Oral bacteria of healthy individuals was composed of two major phyla, Firmicutes (40.6%) and Bacteroidetes (30.4%) (Fig. 1a). These were followed by Proteobacteria (16.3%), Fusobacteria (6.7%), Actinobacteria (2.5%) and six low abundant phyla (< 3.5%). In terms of genera, Streptococcus (23%), Prevotella (24%) and Haemophilus (11%) were the most abundant. People with COPD showed a similar oral bacteria composition to healthy individuals, however differences in the relative frequencies of Bacteroidetes (26.5%) and Proteobacteria (22.3%) were observed as well as in genera Prevotella (18%) and Haemophilus (15%).

Fig. 1
figure 1

Salivary microbiota composition and diversity is different between people with COPD and healthy controls. A Mean frequency of phyla and genera of bacteria present in people with COPD and healthy controls.
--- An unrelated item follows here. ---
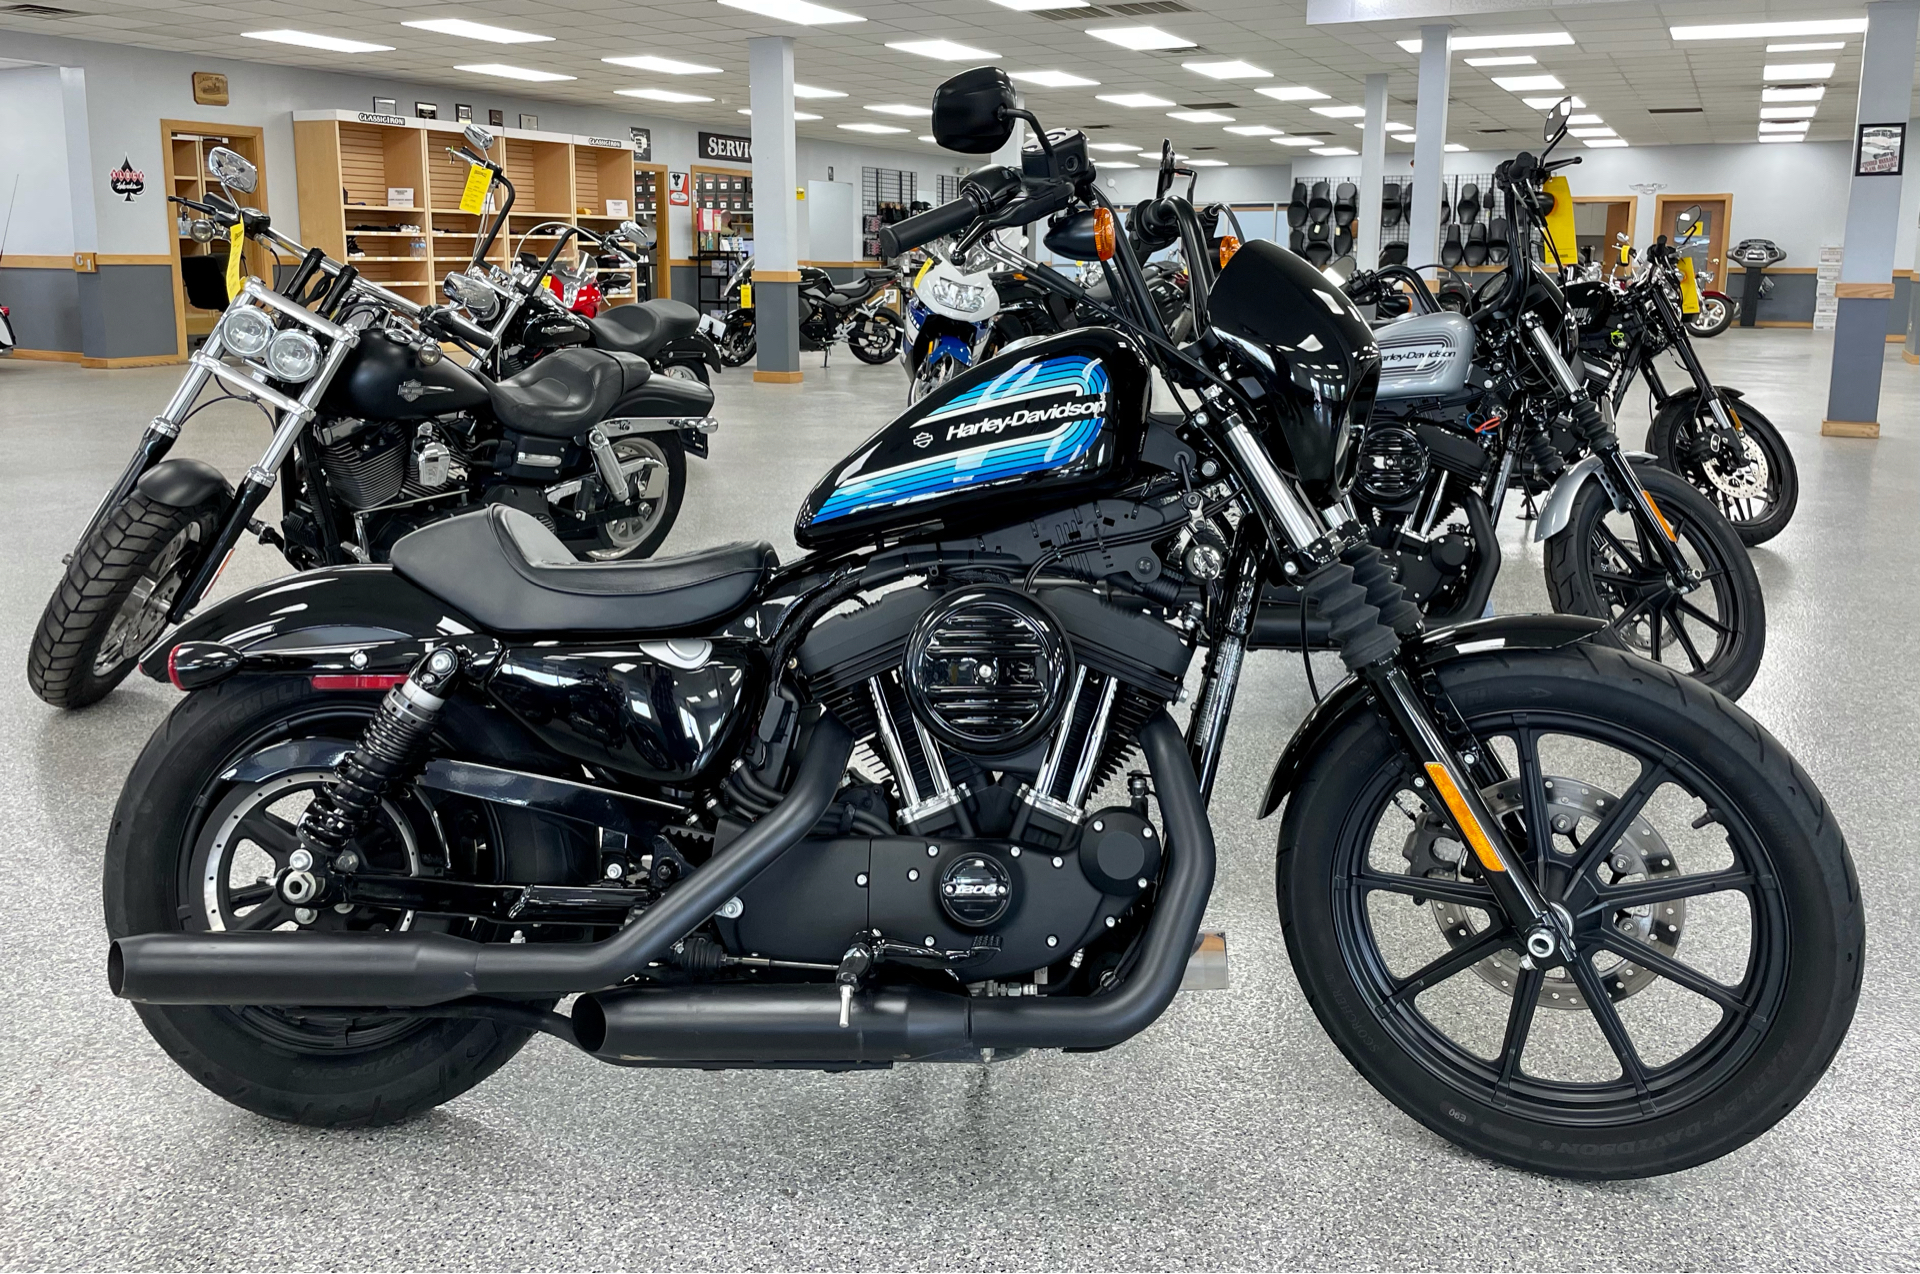 Used 2018 Harley Davidson Iron 1200 Vivid Black Motorcycles In Fredericksburg Va 10640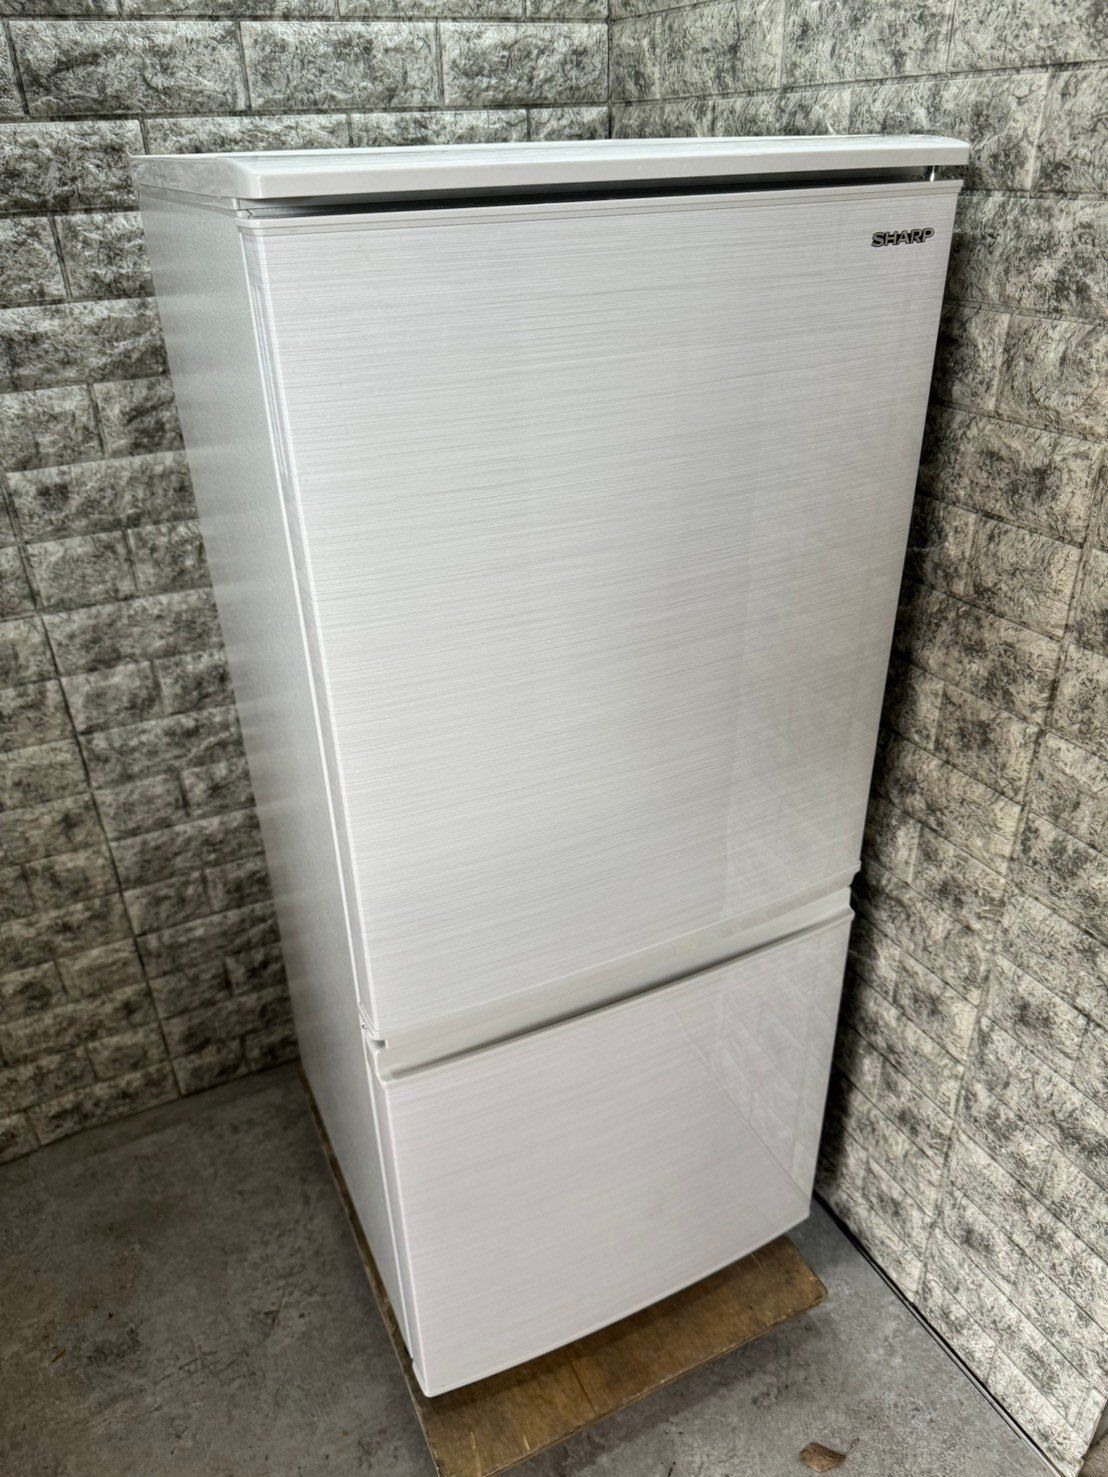 超特価通販全国送料無料3か月保障付き冷蔵庫2019年式シャープSJ-14E6KW 冷蔵庫・冷凍庫

B Cladogram summarizing differentially abundant genera between people with COPD and healthy controls, assessed by LEfSe and ANCOM. Differential genera between groups identified only by LEfSe at a significance cut-off of 3 are represented in black, differential genera pointed by ANCOM at 0.7 significance cut-off are represented in underlined red C Alpha diversity, estimated with Faith’s phylogenetic diversity index, is lower in people with COPD than in healthy controls (Mann–Whitney U-test, U = 1275, p = 0.0013). *p < 0.05, **p < 0.01, ***p < 0.001, ****p < 0.0001

Differential abundant bacterial groups between people with COPD and healthy individuals were inferred with LEfSe and ANCOM. Both methods showed that healthy individuals were enriched in Treponema (Spirochaetes), Peptococcus (Firmicutes) and Peptostreptococcus (Firmicutes), whereas according to LEfSe, patients were enriched in genera from Proteobacteria and Firmicutes. Specifically, people with severe airflow obstruction showed an enrichment in Haemophilus, while those with moderate airflow obstruction were enriched in Granullicatella and Lachnoanaerobaculum (see Additional file 2: Fig. S1 for the complete list of genera that differ between the groups).

Oral bacteria of people with COPD was significantly less diverse (Phylogenetic diversity—Alpha diversity, i.e., within individual diversity) than that of healthy individuals (Fig. 1c, Mann–Whitney U test, U = 1275, p = 0.0013). Similar differences were observed after adjusting for PY (ANOVA, F-value = 10.89, p = 0.002).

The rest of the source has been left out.